To better understand the content of researchers’ spreadsheets, we asked whether the following Excel features were used in their datasets (Figure 5).
Figure 5. Percent of researchers surveyed that reported a given feature as present in their Excel data.
n = 70.
multiple tables on a single spreadsheet
multiple tabs within an Excel file
header row with parameter labels created
units provided alongside data (i.e., in the data cell or header row)
embedded formulas
pivot tables
macros
embedded comments
cell shading to indicate information about the data (i.e., ad-hoc metadata)
Most researchers created header rows (97%), used embedded formulas (83%), and used cell shading as a form of ad-hoc metadata (74%). Of those we surveyed, the majority (74%) reported that they had a “better than average” knowledge of the Excel software, while 24% reported an average knowledge (n = 105).
We asked researchers to identify other software programs that they use alongside Excel for their data analysis and organization. Note that these results are likely heavily influenced by the venues used to interview researchers, since software programs tend to be used by many researchers in a given discipline (Figure 6). The open-source statistical software R was most often cited (53%).
Figure 6. Percent of researchers surveyed that reported using a given program alongside Excel.
n = 131.
Other information gathered via the survey included areas of work (i.e., field versus lab; area of focus; discipline), attitudes about data sharing, and knowledge of data repositories. These questions were not asked formally via survey in most cases, rendering the results difficult to share with any confidence in the numbers reported.
Requirements
Although the practices reported by researchers are common and accepted uses of Excel, they are not necessarily well suited for long-term preservation of high-quality data. This has been previously reported in the literature17–20. In addition, the European Spreadsheet Risk Interest Group has created a curated list of stories detailing instances where spreadsheets are implicated in erroneous reporting (http://eusprig.org). In general, issues associated with using Excel for generating curation-ready datasets are (1) poor data table construction (e.g. multiple data tables on a single spreadsheet); (2) a lack of metadata or poorly standardized metadata (e.g. using comments, notes, color-coding, and shading to document important details about the dataset; (3) embedded figures, charts, and comments that make the spreadsheet less usable in programs outside Excel; and (4) poor provenance of how data is produced via calculations, statistics, and formulas.
Based on the information collected from researchers and other stakeholders, we created the following high-level requirements for the tool:
1. Check data file for .csv compatibility and create .csv version data file.
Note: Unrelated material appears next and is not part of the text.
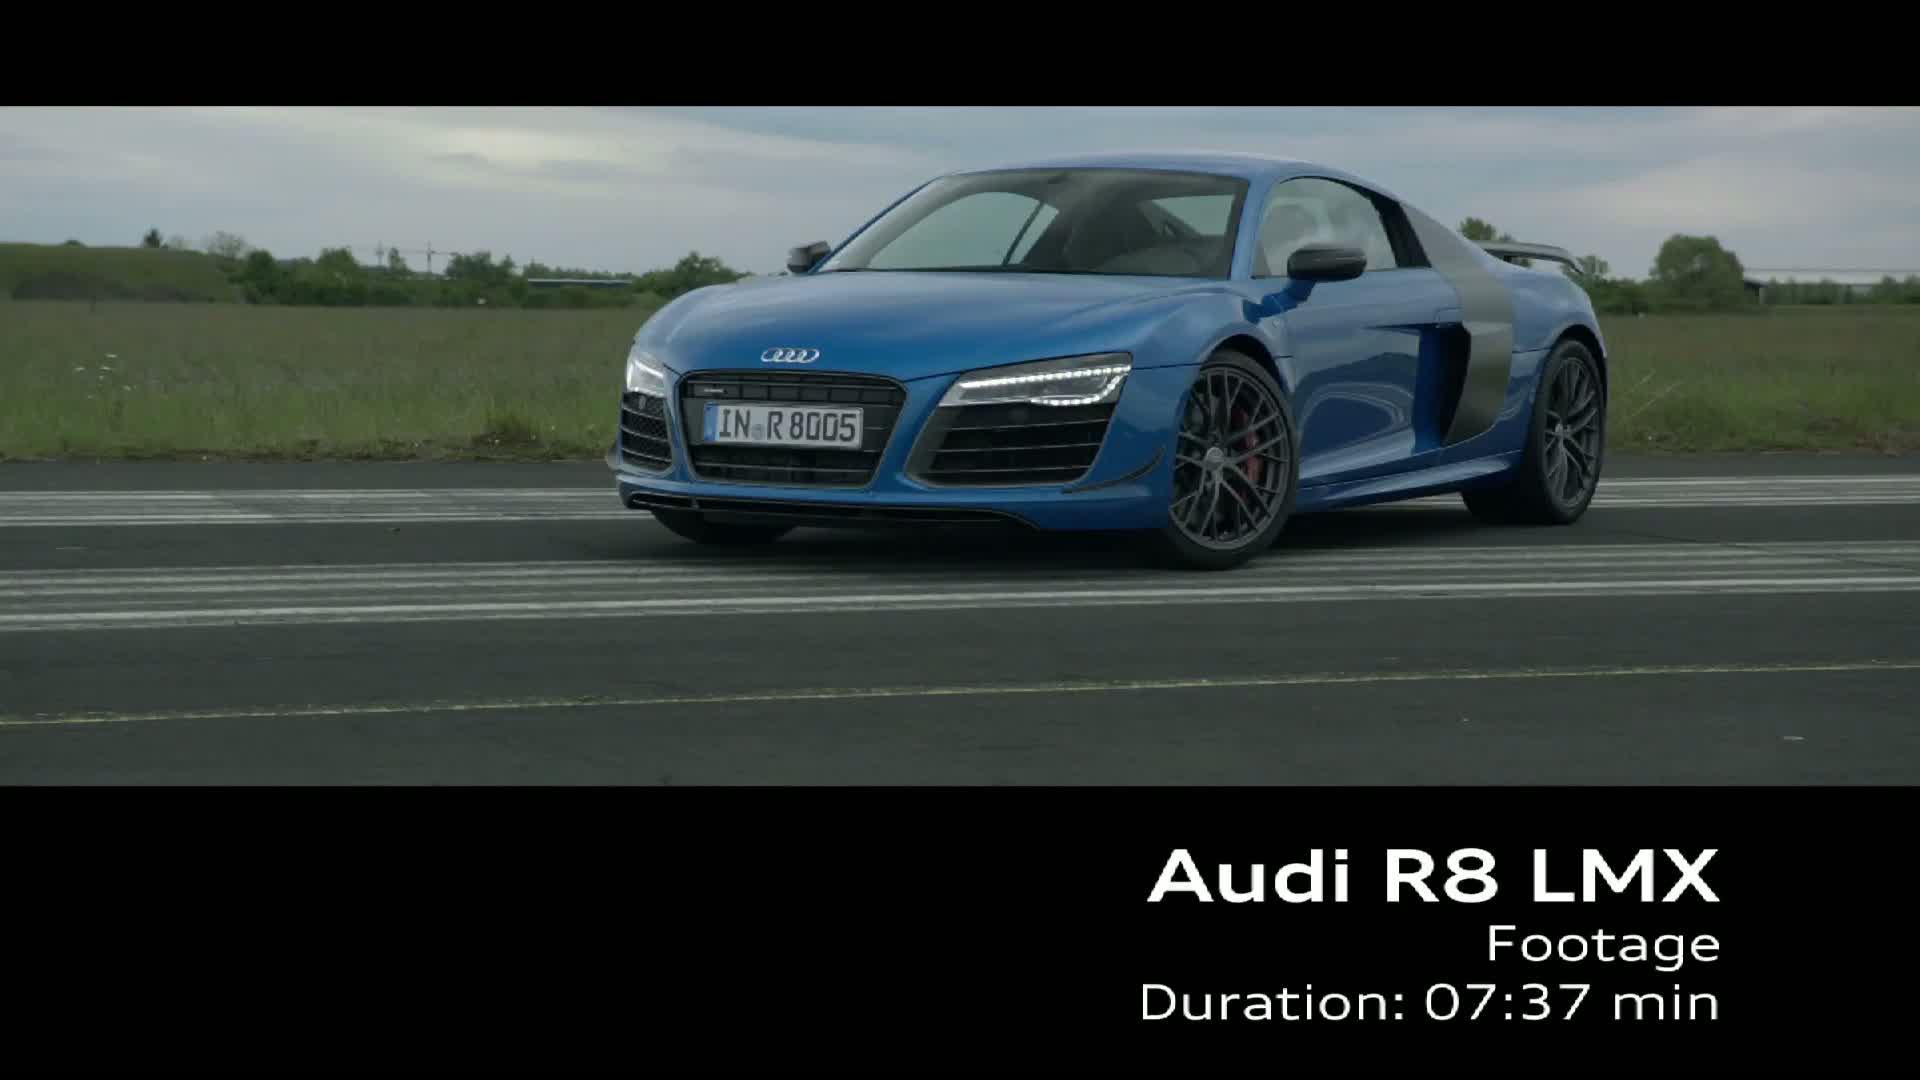 The Audi R8 LMX

The user can generate and download a customized report detailing elements in their dataset that might cause problems for data archiving and/or export of the data file as a .csv version.
2. Generate metadata that is linked to the data file. Using the DataUp tool, machine- and human-readable metadata is generated, embedded in the data file, and can be exported as a separate file. The metadata is displayed in a new tab on the spreadsheet, can be saved separately, and relies on Ecological Metadata Language (EML) and the DataONE metadata schema (http://mule1.dataone.org/ArchitectureDocs-current/design/SearchMetadata.html). Both file-level and parameter-level metadata are created by the tool.
File-level metadata is information about the entire dataset, such as the creator, temporal and spatial details of the data collection, and the funders of the project. The tool is able to pre-populate some fields based on user information provided by Excel. Keywords can be selected from standard lists.
Parameter metadata describes individual elements of the data file, and most commonly corresponds to the header row of a tabular dataset. The user can identify a header row to begin the process of creating parameter metadata.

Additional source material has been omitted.